Process at a Chemical Synapse:

An action potential reaches the axon terminal.
Vesicles release neurotransmitters into the synaptic cleft.
These bind to receptors on the next neuron’s membrane.
Ion channels open, creating a new impulse in the next neuron.

Fun fact: Depending on the neurotransmitter, the message can either excite or inhibit the next neuron.

Applications / Why is it Useful?

Reflexes: Protect us (like pulling hand away from fire).
Brain-body link: Thinking, learning, and memory all depend on neurons.
Medicine: Helps explain diseases like Multiple Sclerosis (damaged myelin sheath) and Parkinson’s.

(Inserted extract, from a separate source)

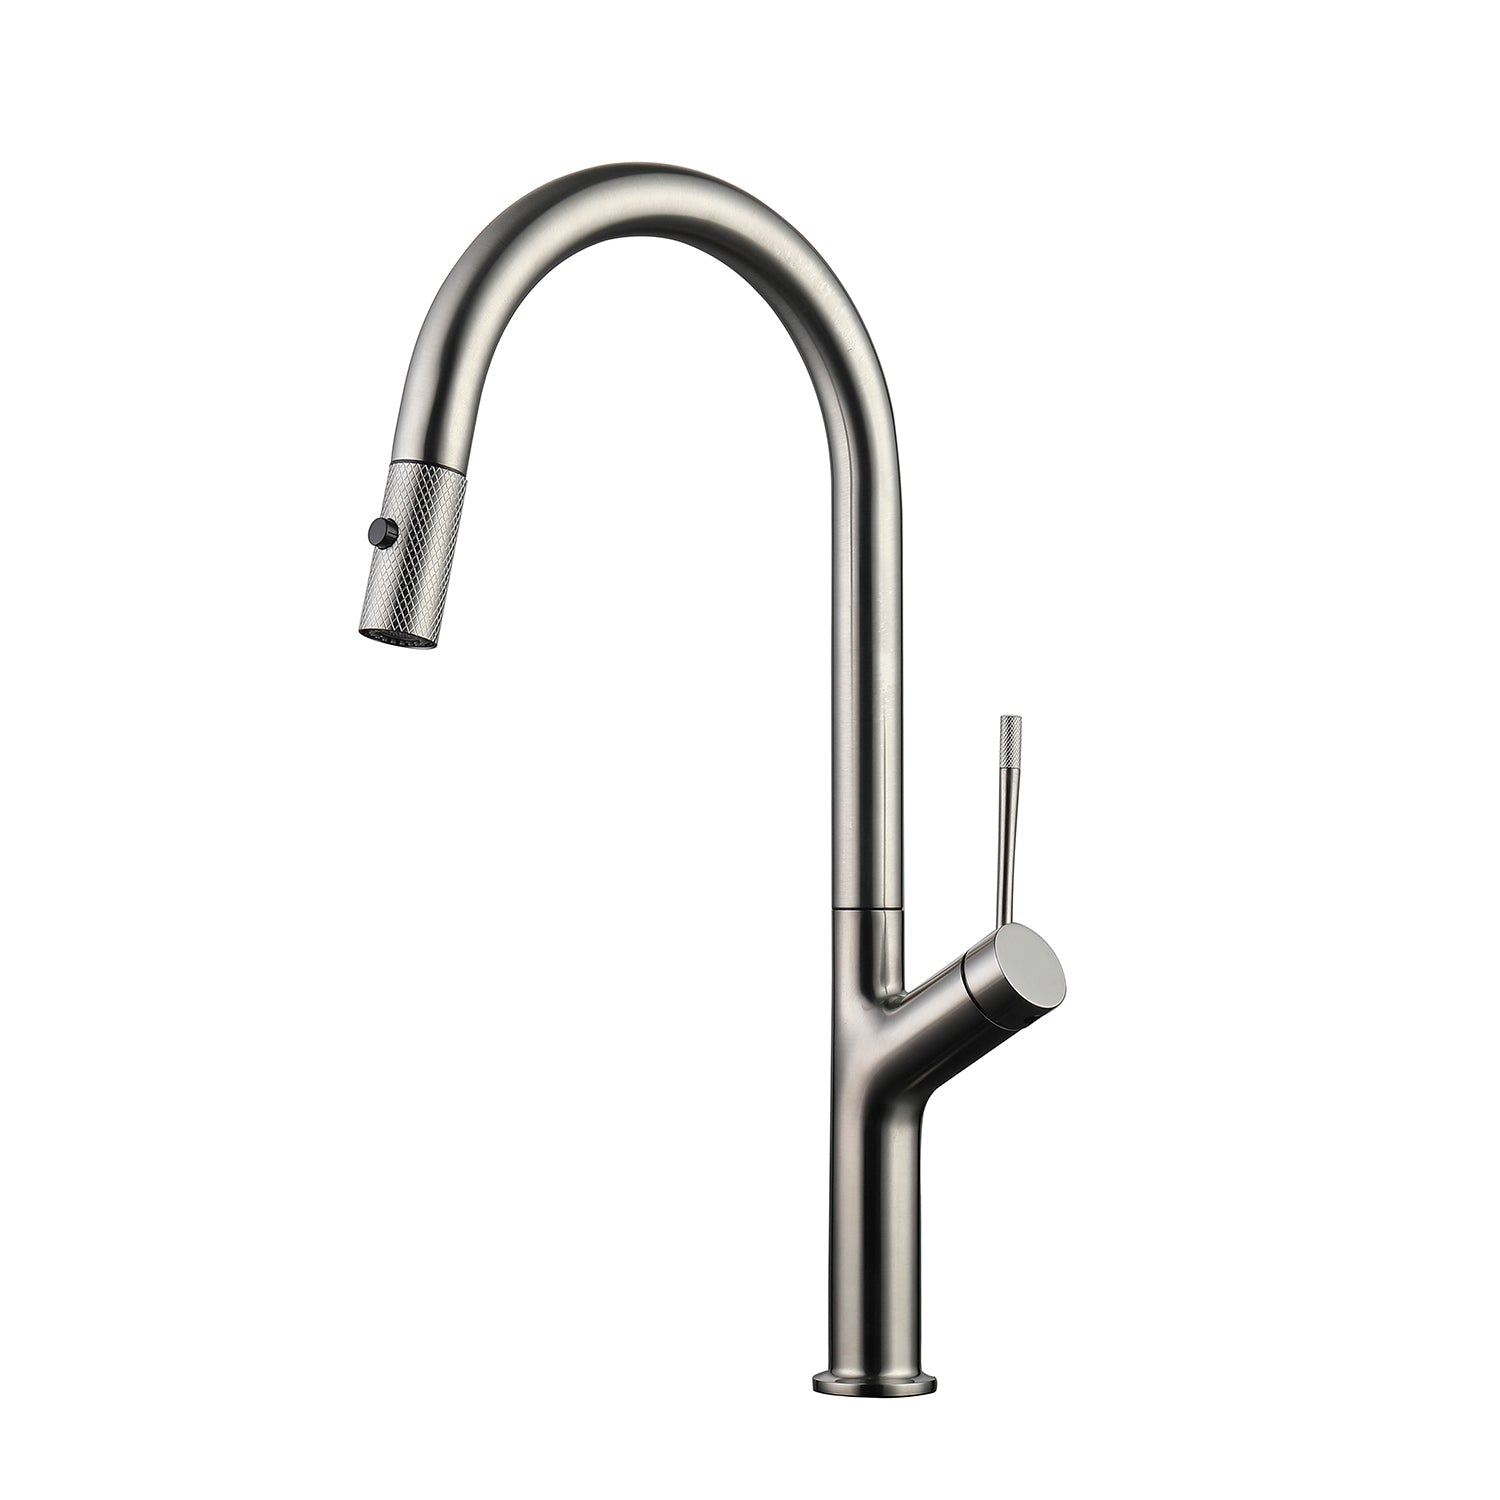 DAX Single Handle Pull Out Kitchen Faucet (DAX-8020011)

Technology: Neurons inspire Artificial Neural Networks (ANNs) in Artificial Intelligence.

Vocabulary

This is the list of vocabulary terms used throughout the lesson.

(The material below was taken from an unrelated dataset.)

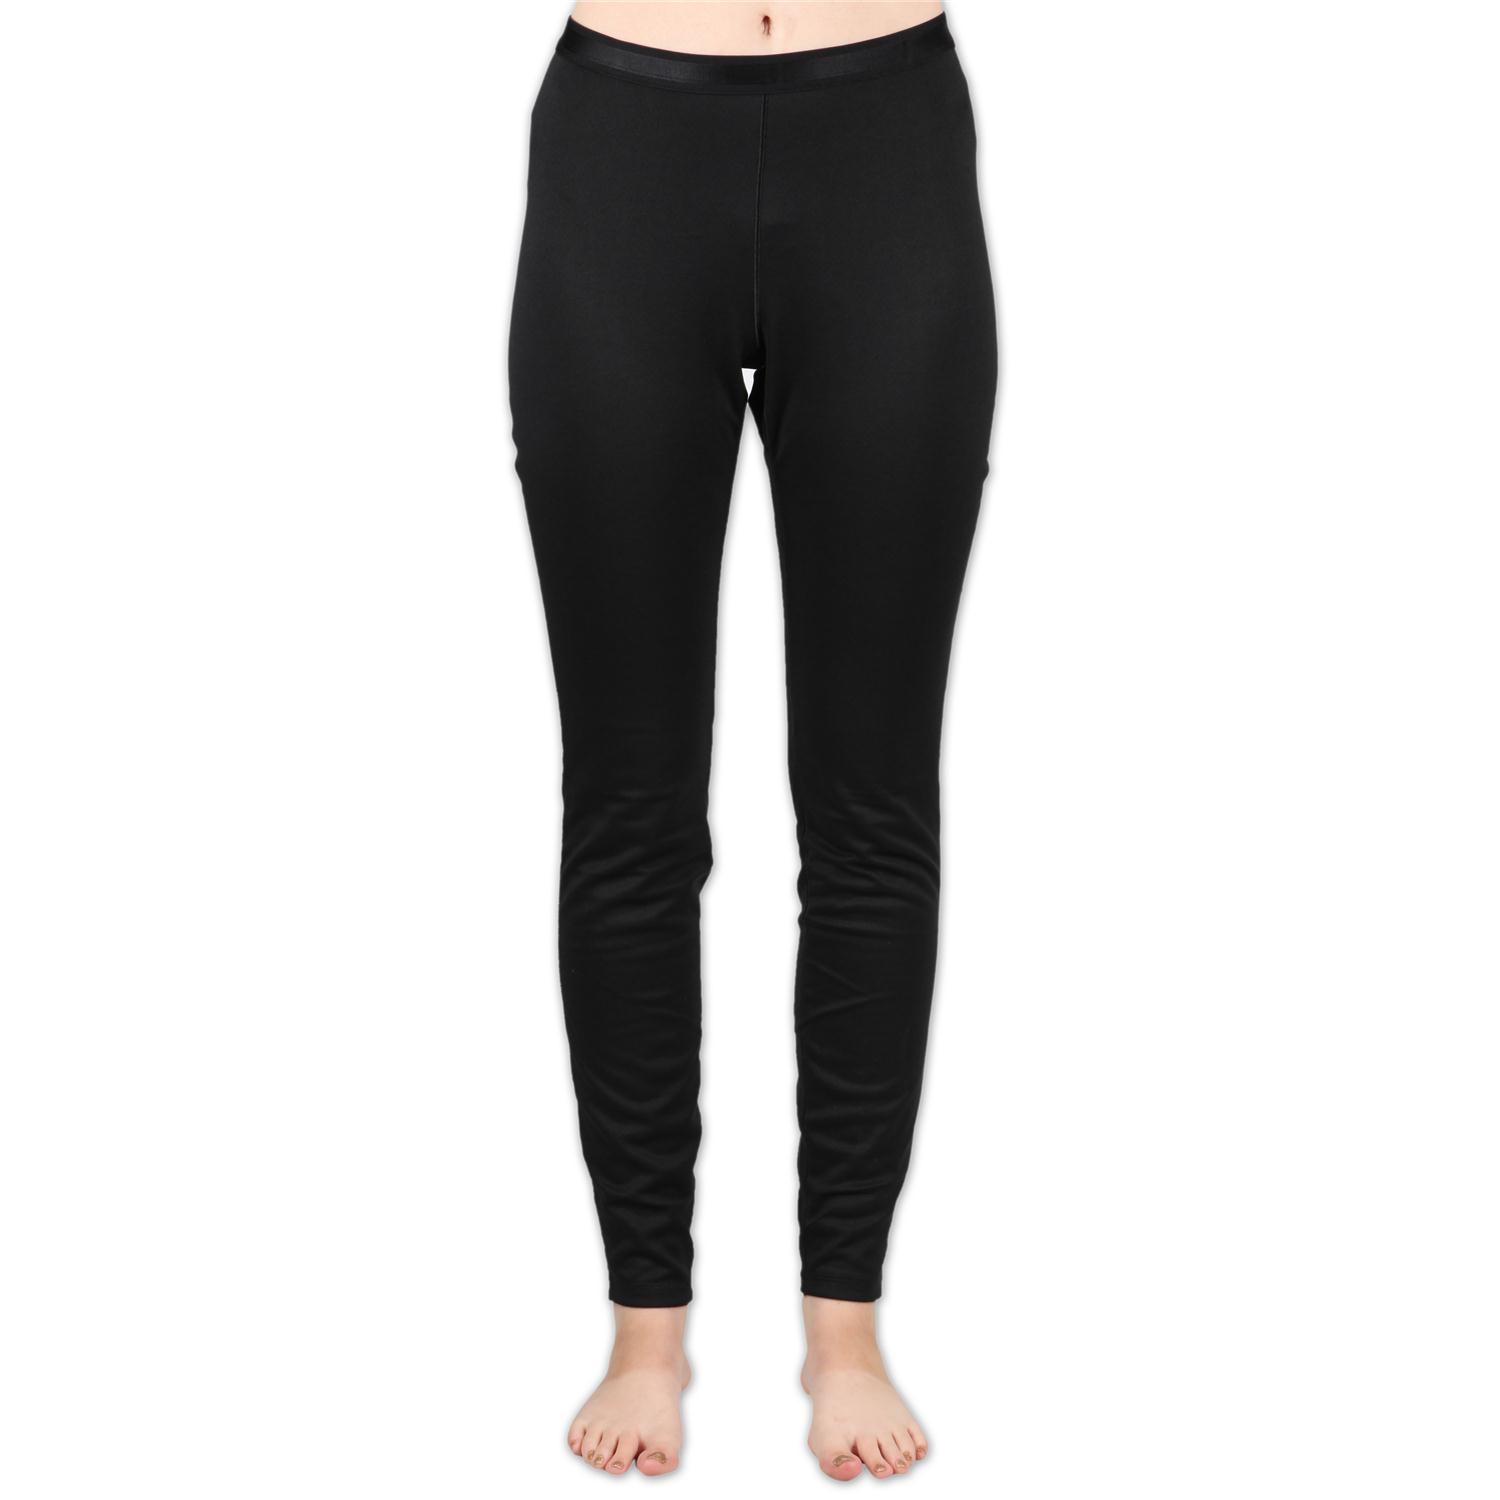 Patagonia Capilene 3 Midweight Baselayer Pants - Women's | evo outlet

Neuron: Microscopic nerve cell that transmits electrical and chemical signals.
Cell Body (Soma): Main part of the neuron containing the nucleus and Nissl’s granules.
Dendrites: Branch-like structures that receive information.
Axon: Long fibre that carries messages away from the cell body.
Synapse: Junction between two neurons where communication happens.
Neurotransmitters: Chemicals that pass signals across synapses.
Resting Potential: Electrical difference across the neuron’s membrane when not active.
Action Potential: Electrical impulse that travels along the axon.
Myelin Sheath: Fatty layer around some axons that speeds up signal transmission.
Nodes of Ranvier: Gaps between myelin sheaths that help the impulse jump faster.

How Neurons Communicate ?

Introduction

In this activity, students will explore how neurons transmit information in the nervous system. They will watch animated simulations of nerve impulses, action potentials, and synaptic transmission to understand how the brain and body communicate.

Key Features

Animated simulation of how signals travel along a neuron
Visualisation of action potentials moving through the axon
Demonstration of synaptic transmission (neurotransmitters crossing the synaptic cleft)
Connection to body functions – how signals control thoughts, movements, and actions
Observation-based learning – no manual adjustments required
Embedded short quiz (2 MCQs) for quick reinforcement

Step-by-Step Procedure for VR Experience

Open the Virtual Lab
Access the simulation link provided to begin the activity.
Watch the Action Potential
View how a nerve impulse begins as an action potential and travels along the axon.
Observe Polarity Changes
Notice how the membrane depolarises and repolarises as the signal moves forward.
See Synaptic Transmission
Watch how neurotransmitters are released at the synapse and received by the next neuron.
Follow the Neural Network
Observe how impulses continue across neurons to connect the brain and the body.
Connect to Real-Life Functions
Understand how these signals control everyday functions like movement, reflexes, and thoughts.
Take the Quiz
Attempt the 2 MCQs embedded in the lab to check your understanding.
View Results
See your score instantly as feedback and reinforcement.